Les 5% tout en haut représentent donc ce que vous aurez retenu suite à un cours dit « Magistral » : en gros, le prof qui blablablate devant sa classe qui reste, elle, inactive. C’est ce qu’il faudra éviter à tout prix. Bien entendu on sera bien obligé de blablater (un peu) pour introduire notre cours ou répondre à une question.
Les 30% de « suivre une démo », c’est donc ce que vous montrerez à votre élève, en faisant devant lui un exemple concret.

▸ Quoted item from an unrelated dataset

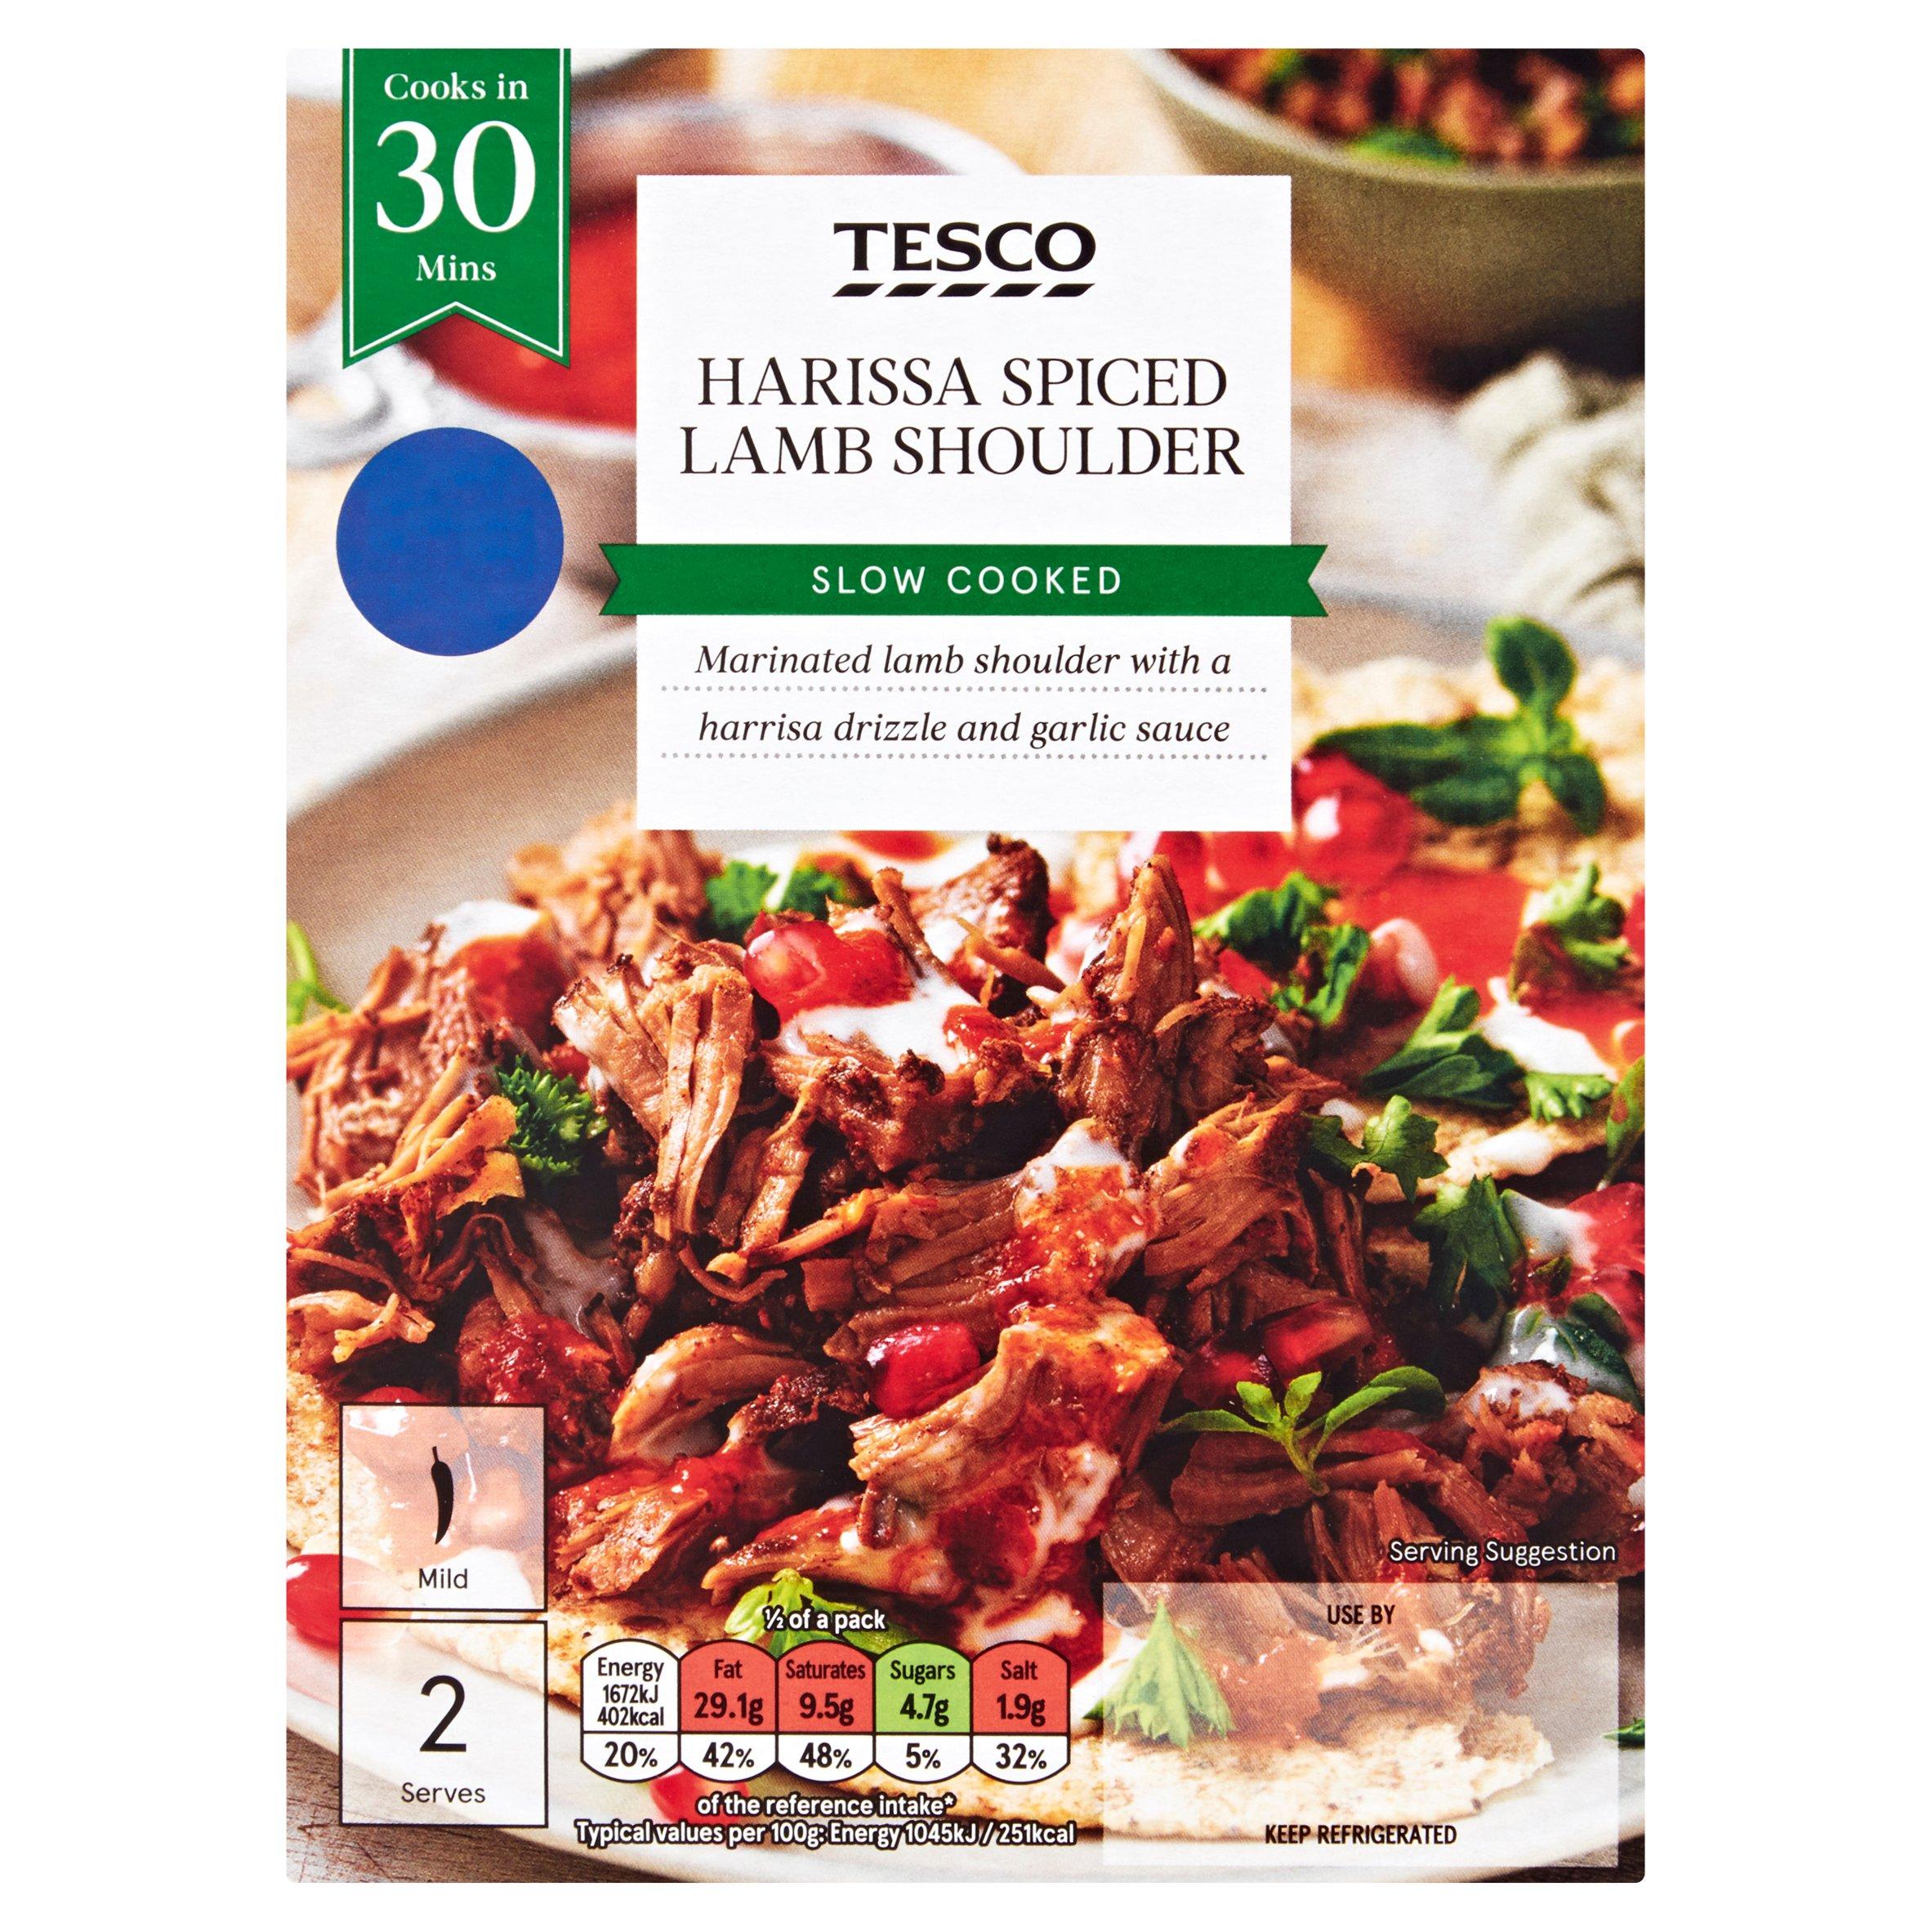 Tesco Harissa Spiced Lamb Shoulder 400G

Les 75% de « Faire » seront, de votre situation de formateur, à transformer en « faire faire (à son élève) » bien entendu, ceci à l’issue de la démonstration (30%) faite juste avant.
Gardez à l’esprit que ces chiffres ne sont pas cumulatifs : 30% + 75% cela donne 105%.
Et aussi cela dépendra de la réceptivité de votre élève… et de la qualité de votre intervention : une présentation brouillonne ou une voix monotone rendront moins intéressante votre leçon.
Ceci fait que notre cours va s’articuler ainsi pour avoir une portée maximale :
- Présentation du cours: « aujourd’hui nous allons voir le Bureau »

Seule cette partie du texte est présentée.